The high public debt, the link between the sovereign bank and the bank, the low growth potential remain economic challenges

Greece’s public debt ratio (rated BB + / Stable) is just behind that of Japan (A / Stable) among 36 countries whose debt is publicly rated by Scope. While we expect Greece’s public debt to slow to 199.1% of GDP by the end of 2021, from a peak of 205.6% last year, it remains well above the pre-crisis level. crisis of 180.5% in 2019.

The high stock of Greek debt makes the government vulnerable to any revaluation of the markets after this crisis concerning the sustainability of the public debt and the deficits accumulated during the crisis, especially as the ECB’s support is gradually reduced. This vulnerability to market correction remains a major constraint on sovereign ratings.

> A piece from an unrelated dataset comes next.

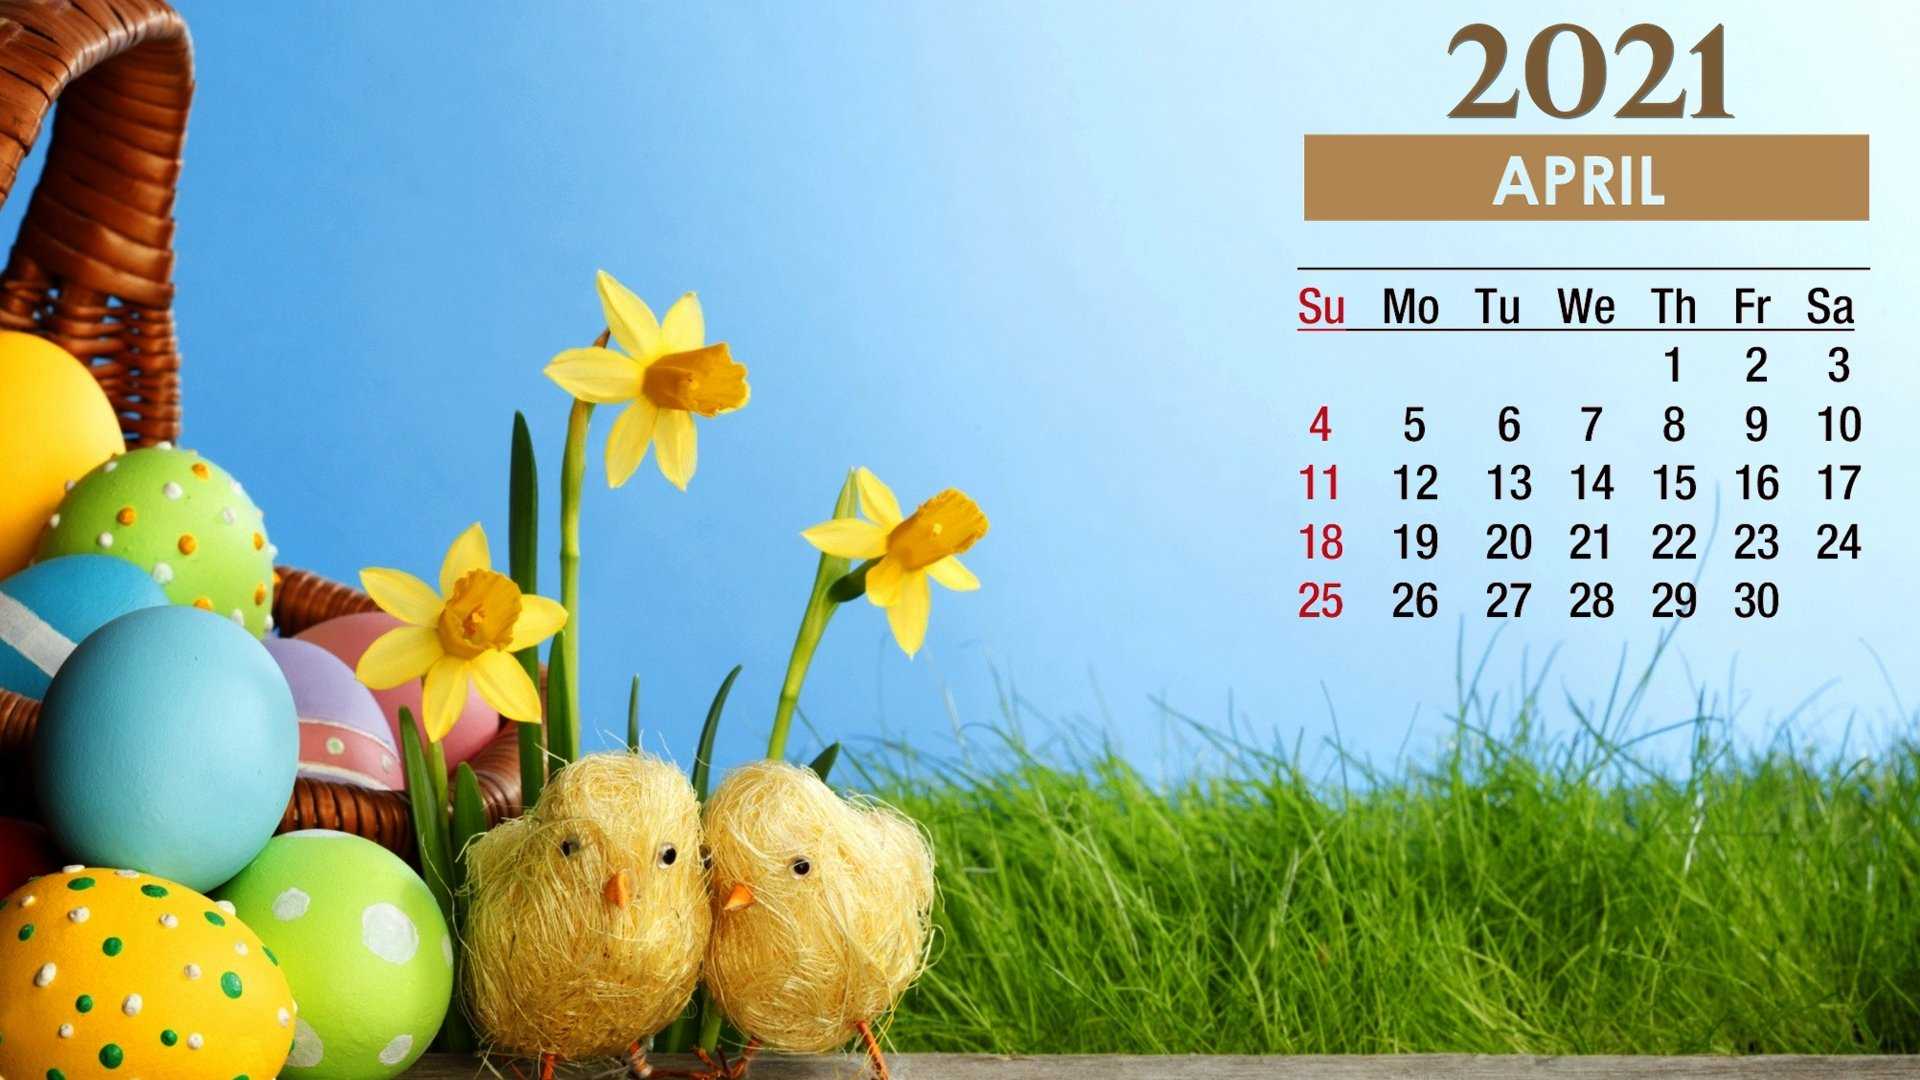 Easter 2021 April Calendar Wallpaper .kolpaper.com

After 2021, Greece’s public debt ratio is expected to decline to around 186% of GDP by 2026, with growth remaining above potential and budget deficits narrowing, assuming there is no interruption of economic recovery.

Sustainable recovery remains conditional on resolving structural bottlenecks

Nonetheless, a sustainable economic recovery remains conditional on Athens resolving residual structural bottlenecks, such as the continued reduction in non-performing loans (NPLs) on national bank balance sheets, even recognizing recent significant progress in this area. . High nonperforming loans (21.3% of total loans in June but reduced by 40% at the end of 2019) affect the profitability of the banking system and its ability to finance the recovery. Piraeus Bank, Alpha Bank and the National Bank of Greece have taken capital improvement measures to cover the cost of future non-performing loan securitizations and the phasing out of transitional prudential arrangements.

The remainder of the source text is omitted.